July 25, 2013, 10:48 AM — The European Commission should suspend agreements that allow European companies to transfer personal data of European citizens to the U.S., the German Conference of Data Protection Commissioners has urged.
The Commission, meanwhile, is working on an assessment of the agreements that it will present before the end of the year.
Due to the mass surveillance of communications by the U.S. National Security Agency (NSA), U.S. companies can no longer fulfill European requirements for the exchange of personal data, said Germany's Conference of Data Protection Commissioners in a joint letter sent to German chancellor Angela Merkel that was published on Wednesday. The conference consists of the federal data protection commissioner and the data protection commissioners of the German states.
The European Commission's data protection directive prohibits the transfer of personal data to non-E.U. countries that do not meet E.U. standards for privacy protection. To allow exchange of personal data with U.S. organizations, the U.S. Department of Commerce and the European Commission developed a "Safe Harbor" framework, allowing E.U. companies to keep exchanging personal information within the bounds of the agreement.
Under the Safe Harbor conditions companies, for example, must show that they prevent penetration of their networks, Imke Sommer, the Bremen Commissioner for Data Protection and Freedom of Information said on Thursday. She added, however, that, "As we know by now there is no safe network, the NSA is watching."
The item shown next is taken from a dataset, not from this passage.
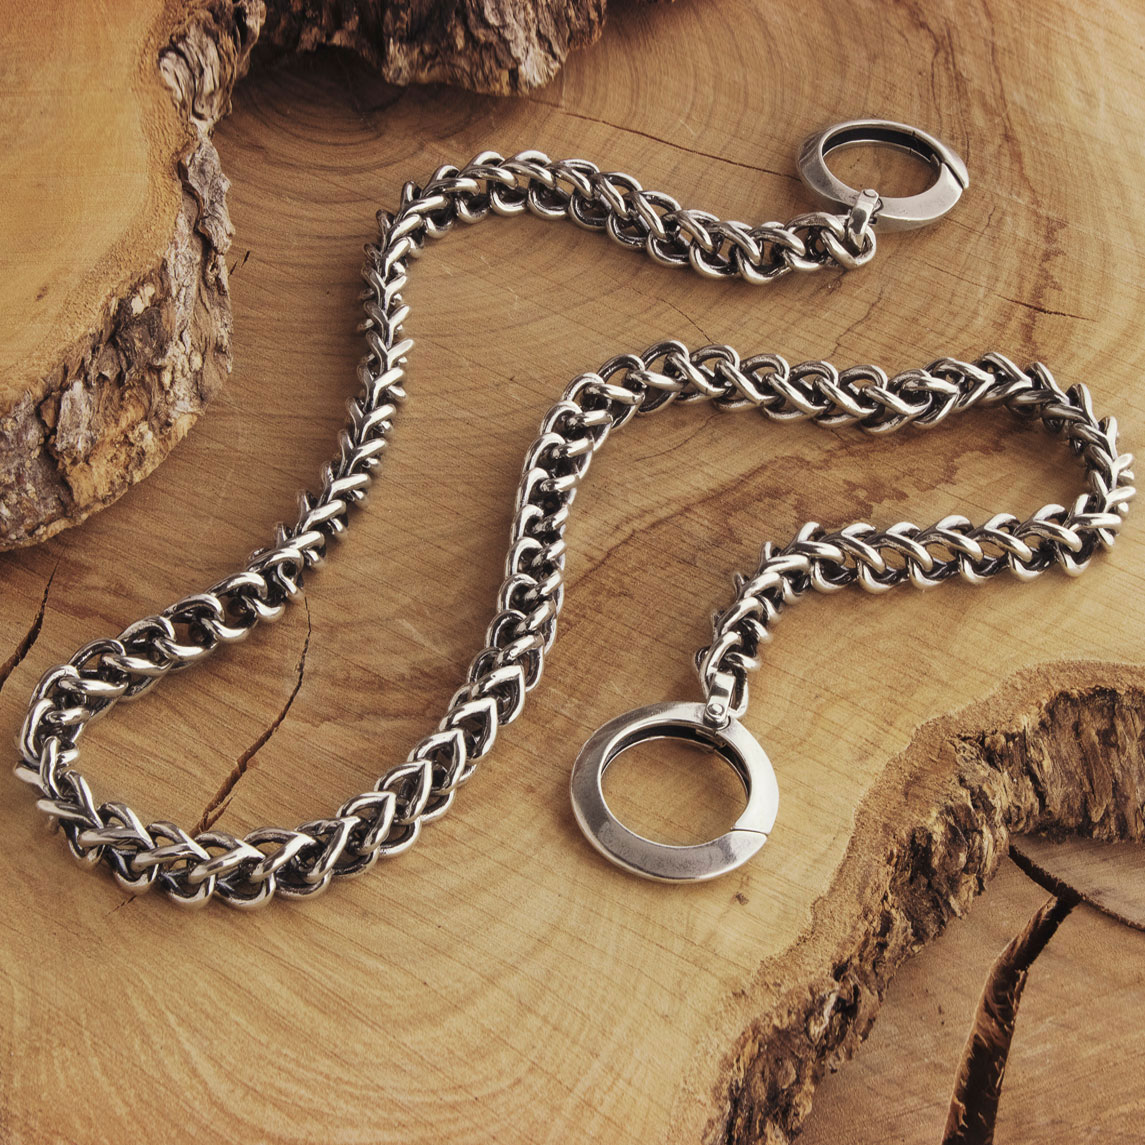 Silvertraits Thick Wheat Wallet Chain Made of Sterling Silver

Therefore, the German data protection authorities have asked the Commission to suspend the Safe Harbor agreements and review whether U.S. companies can still comply with them, she said. If the agreements are suspended, that would mean that no European company would be allowed to send personal data to the U.S., Sommer said.
"The Safe Harbor agreement may not be so safe after all," said Viviane Reding, vice president of the European Commission and the commissioner responsible for justice, fundamental rights and citizenship at the informal Justice Council in Vilnius last Friday. "U.S. data protection standards are lower than our European ones. I have informed ministers that the Commission is working on a solid assessment of the Safe Harbor Agreement which we will present before the end of the year."
The European Parliament and European industry have also been asking for a review, and the Commission will take note of the call from data protection and privacy advocates in Germany for an assessment, a Commission official said on Thursday.